X_train, X_test, y_train, y_test = train_test_split(X_cancer, y_cancer, random_state = 0)

y_score = nbclf2.predict_proba(X_test)

false_positive_rate, true_positive_rate, thresholds = roc_curve(y_test, y_score[:,1])

roc_auc = auc(false_positive_rate, true_positive_rate)
print('Accuracy = ', roc_auc)

# Plotting
plt.title('ROC')
plt.plot(false_positive_rate, true_positive_rate, label=('Accuracy = %0.2f'%roc_auc))
plt.legend(loc='lower right', prop={'size':8})
plt.plot([0,1],[0,1], color='lightgrey', linestyle='--')
plt.xlim([-0.05,1.0])
plt.ylim([0.0,1.05])
plt.ylabel('True Positive Rate')
plt.xlabel('False Positive Rate')
plt.show()

## ME3 Part 1

#### Build Naive Bayes classifiers on a well-known dataset, iris dataset. 

You are asked to build NB classifiers on two different datasets: (1) the original dataset (the data is not normalized) and (2) the normalized dataset. Use k-cross validation to evaluate the model performance. 

In [None]:
from IPython.display import Image

Image("images/iris.png")

### Dataset 1: iris

Obtain the data through either (1) or (2). 

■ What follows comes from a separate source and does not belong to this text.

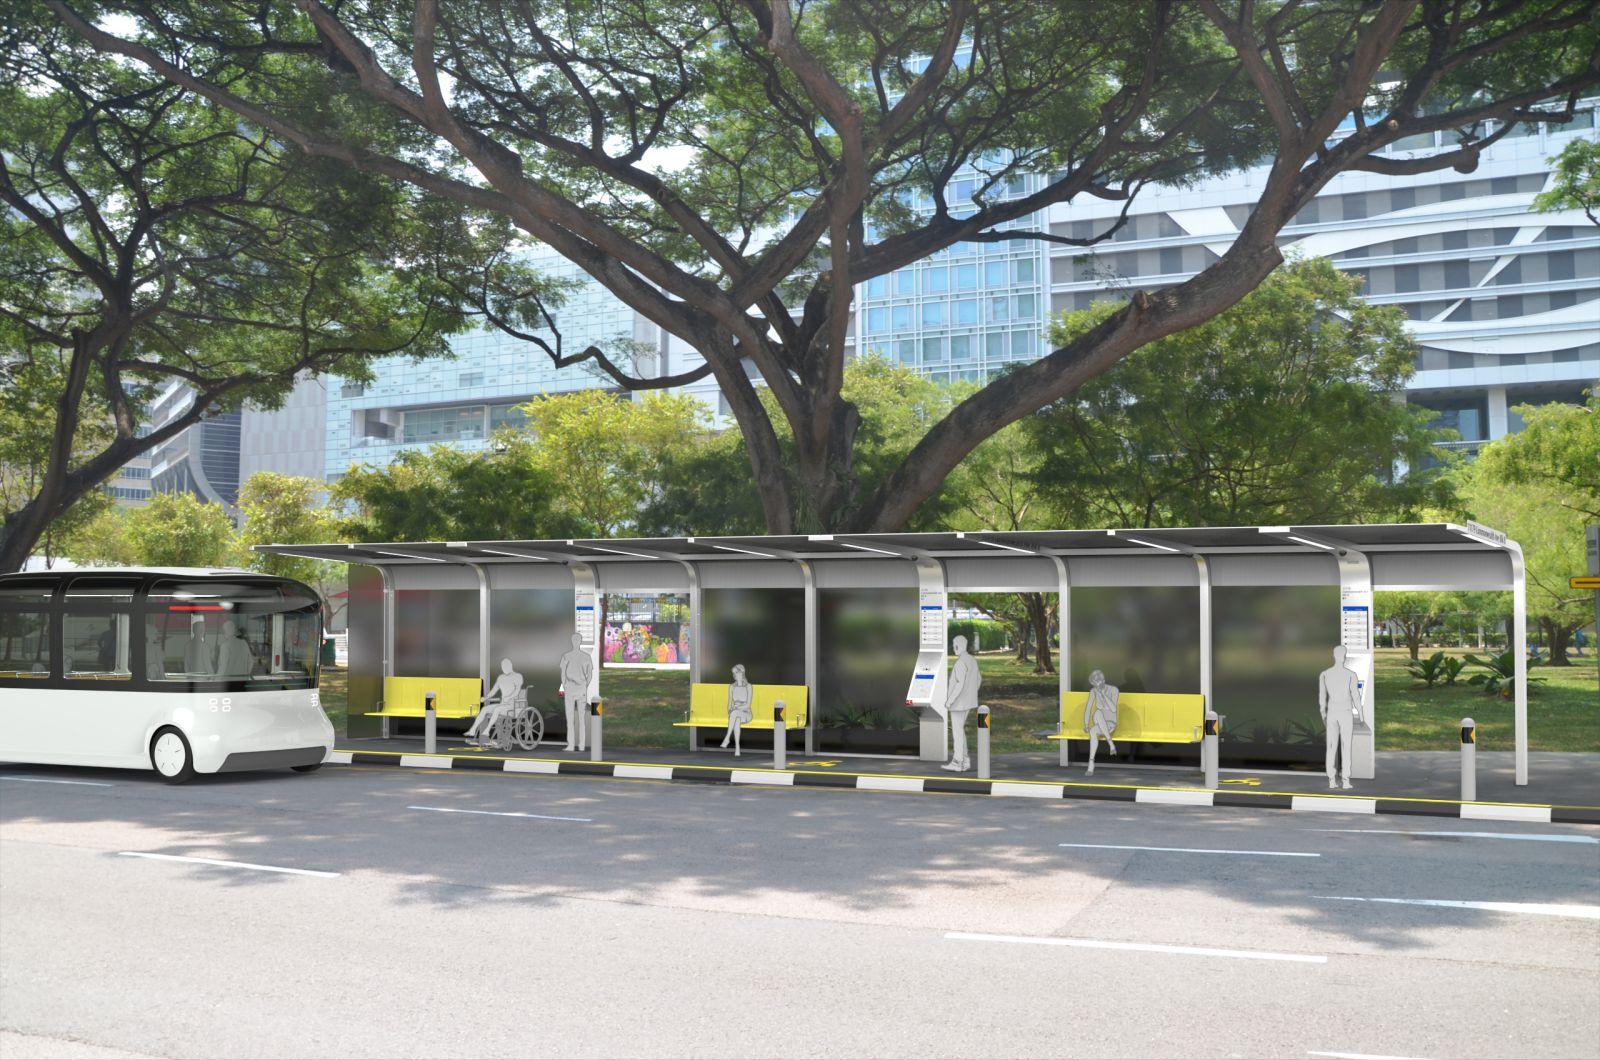 Bus Stop Design For Autonomous Public Transport

- (1) You can read the data from sklearn.datasets using load_iris()
- (2) you can directly read the data from a local file: iris.csv is stored in a folder "data"

Run one of the two. 

#### (1) Obtain the data from sklearn.datsets

In [None]:
from sklearn.datasets import load_iris
iris = load_iris()

X = iris.data # petal length and width
y = iris.target
print(iris.target_names)
print(X)
print(y)

#### (2) Read the data from a local file: iris.csv is stored in a folder "data"

In [None]:
# read data from CSV file to dataframe
iris = pd.read_csv('./data/iris.csv')

# define target_namees (class lables)
target_names = ['setosa', 'versicolor', 'virginica']

print(iris.head())
print(iris.tail())

# X contains the first four columns, y contains class labels
#X = iris_data.iloc[:, [0,1,2,3]]
X = iris.drop(['Name', 'Class'], axis=1)
y = iris.iloc[:, [5]]
print(X.head())
print(y.head())

### Tasks:

- First, run basic Python functions for checking the data.

    - describe(), info(), isnull(), boxplot(), etc. 

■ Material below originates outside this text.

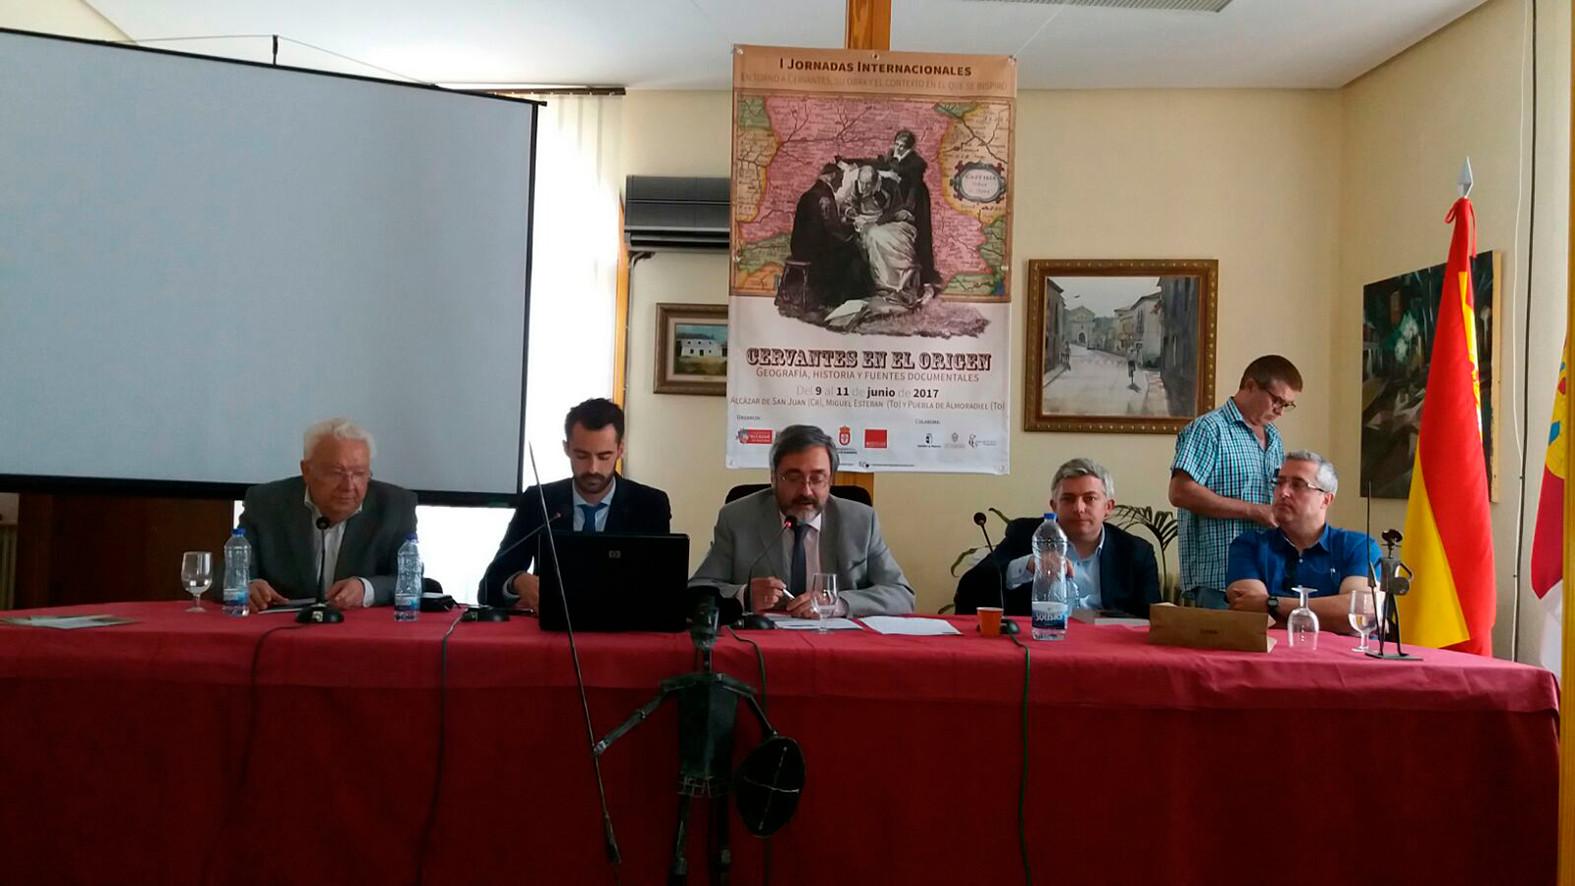 Clausura en La Puebla de Almoradiel

- Your modeling analysis should be done on two different datasets, (1) the original dataset and (2) 

(1) NB classifier using the original dataset

- Create Naive Bayes classifier. 

- A framework of k-cross validation (k = 3).

- Display confusion matrix (a matrix with numbers).

- Print a summary of performance metrics.

- Plot ROC curves (this task is done. See the example code segment). 

#### ROC Curve

- This part is done. This code assumes that your NB classifier is defined as nbclf. 

- The code segment shows how to draw ROC curves for multi-classification where there are more than two class labels. 

In [None]:
from sklearn.preprocessing import label_binarize

X_train, X_test, y_train, y_test = train_test_split(X, y, random_state = 0)

# we assume that your NB classifier's name is nbclf.
# Otherwise, you need to modify the name of the model. 
y_score = nbclf.predict_proba(X_test)
    
y_test = label_binarize(y_test, classes=[0,1,2])
n_classes = 3

# Compute ROC curve and ROC area for each class
fpr = dict()
tpr = dict()
roc_auc = dict()

for i in range(n_classes):
    fpr[i], tpr[i], _ = roc_curve(y_test[:, i], y_score[:, i])
    roc_auc[i] = auc(fpr[i], tpr[i])

# Plot of a ROC curve for a specific class
for i in range(n_classes):
    print("accuracy: " , roc_auc[i])
    plt.figure()
    plt.plot(fpr[i], tpr[i], label='ROC curve (area = %0.2f)' % roc_auc[i])
    plt.plot([0, 1], [0, 1], 'k--')
    plt.xlim([0.0, 1.0])
    plt.ylim([0.0, 1.05])
    plt.xlabel('False Positive Rate')
    plt.ylabel('True Positive Rate')
    plt.title('Receiver operating characteristic example for class ' + str(i) )
    plt.legend(loc="lower right")
    plt.show()

(2) NB classifier using the normalized dataset

- Normalize the data - Make sure that you normalized only X values. 

- Create Naive Bayes classifier. 

- A framework of k-cross validation (k = 3).

- Display confusion matrix (a matrix with numbers).

- Print a summary of performance metrics.

- Plot ROC curves (this task is done. See the example code segment). 

### Part 2 Summary

- Upload your notebook on GitHub repo and provide an URL to the file.

- Write a summary of the analysis and submit it to Canvas. Your summary should include the comparisons of the two models in terms of their performance.